Barmer-Report: Schmerzmitteltherapie oft unnötig riskant
Patientinnen und Patienten in Deutschland erhalten häufig eine für sie riskante Schmerzmitteltherapie. In falscher Kombination könnten Schmerzmittel gefährliche Wechselwirkungen haben, heißt es in dem am Mittwoch veröffentlichten Barmer-Arzneimittelreport. Auch entspreche die Schmerztherapie in vielen Fällen nicht den medizinischen Leitlinien. Das sind Handlungsempfehlungen, die Ärzten und Patienten bei der Entscheidungsfindung helfen sollen.
Die Kasse ließ die medikamentöse Schmerztherapie von ambulant behandelten Barmer-Versicherten ab 18 Jahren ohne Tumorerkrankung untersuchen. Auf Deutschland hochgerechnet erhielten demnach im Jahr 2021 rund 17,1 Millionen gesetzlich Versicherte eine solche Schmerztherapie.
Allerdings bekamen rund 526.000 Versicherte trotz Herzschwäche Schmerzmittel wie Ibuprofen oder Diclofenac verschrieben, obwohl die medizinischen Leitlinien davon abraten. Denn auch ein nur kurzer Einsatz dieser Medikamente kann die Leistung des Herzens deutlich verschlechtern. Dadurch kann die Zahl der Krankenhausaufenthalte steigen, ebenso das Sterberisiko.
Auch bei der Therapie mit Opioiden, also sehr starken Schmerzmitteln wie Morphin, kommt es dem Report zufolge zu vermeidbaren Fehlern. 2021 erhielten hochgerechnet rund 2,7 Millionen gesetzlich Versicherte ohne Tumorerkrankung ein Opioid. Drei von zehn Betroffene erhielten parallel dazu kein Abführmittel, obwohl dies die Leitlinien so vorsehen. Dadurch verfünffacht sich das Risiko für einen Darmverschluss. Fünf von 10.000 Patienten mit einer Opioidtherapie müssen jedes Jahr wegen dieser Komplikation ins Krankenhaus.
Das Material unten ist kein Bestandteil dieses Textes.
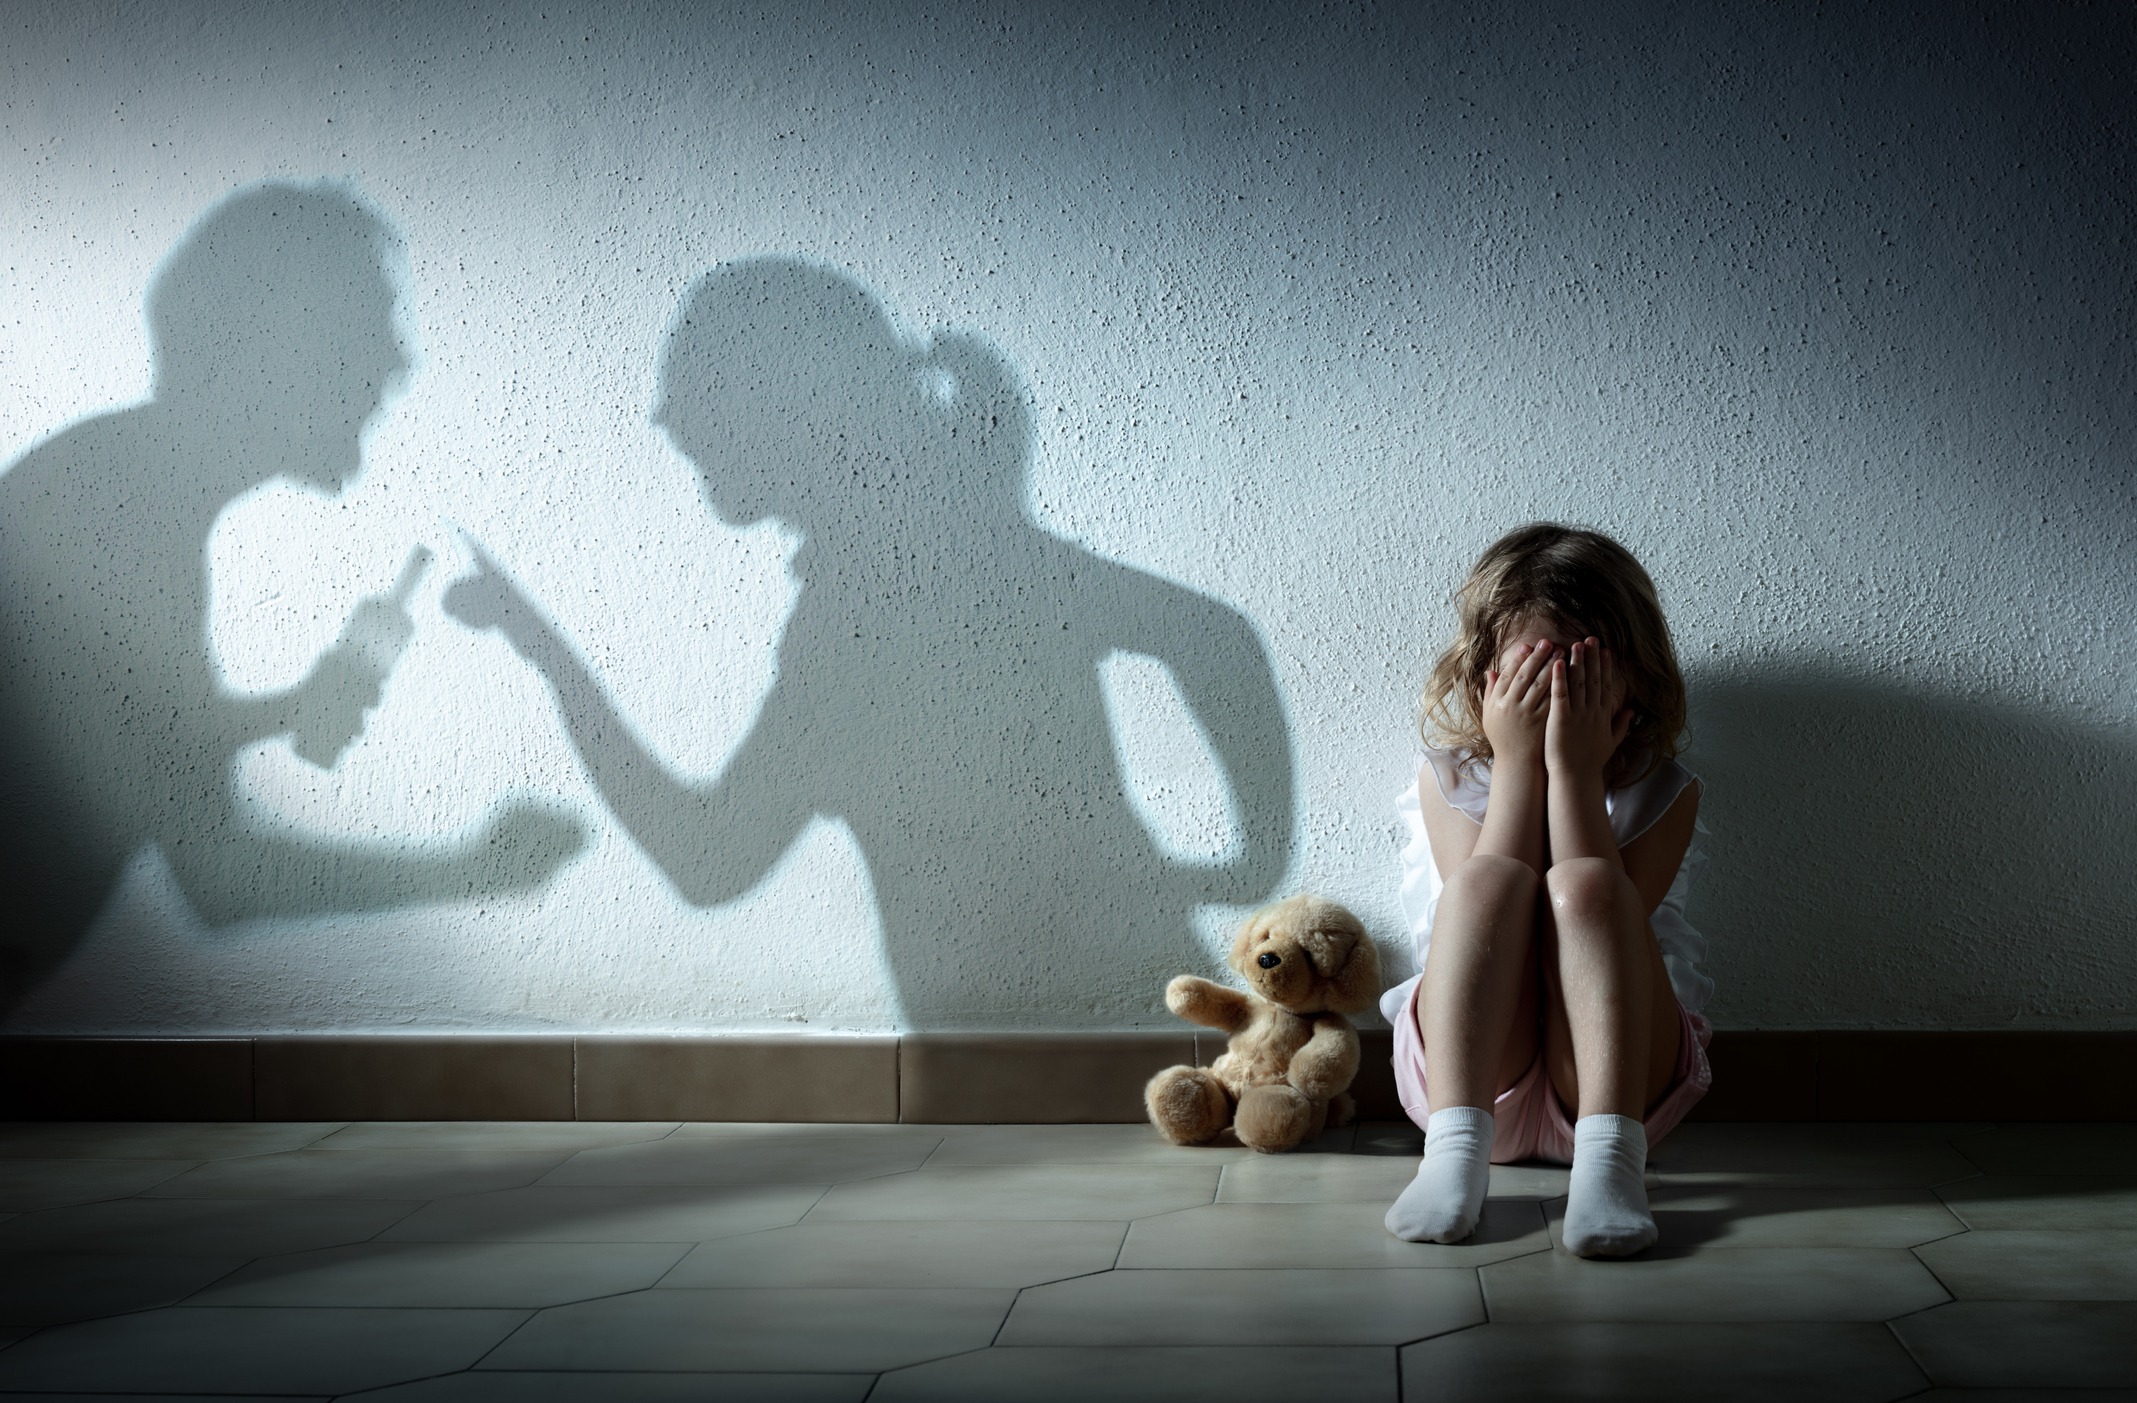 A young child sits against a wall with a teddy bear, covering their face. Shadows on the wall show two adults arguing and pointing fingers at each other

Beim Einsatz von sehr starken Schmerzmitteln gibt es dem Report zufolge weitere Risiken. So sollten Opioide nicht zusammen mit Beruhigungsmitteln, sogenannten Tranquilizern, angewendet werden, weil die Gefahr schwerer Nebenwirkungen bis hin zu vermehrten Todesfällen drohe. Dennoch habe rund jeder zehnte Barmer-Versicherte mit einer Opioidverordnung zugleich ein Beruhigungsmittel erhalten. Hier würden Patienten vermeidbar gefährdet, erklärte Studienautor Daniel Grandt vom Klinikum Saarbrücken.
"Gerade die Kombination vermeintlich harmloser Schmerzmittel kann fatale Folgen haben", warnte Barmer-Chef Christoph Straub. Die meist durch mehrere Ärzte verordnete Therapie sei ohne digitale Unterstützung kaum überschaubar. Straub forderte einen verbindlichen Einsatz digitaler Helfer in der Arzneimittelversorgung, um den Überblick über die Gesamtmedikation und alle Neben- und Wechselwirkungen zu behalten.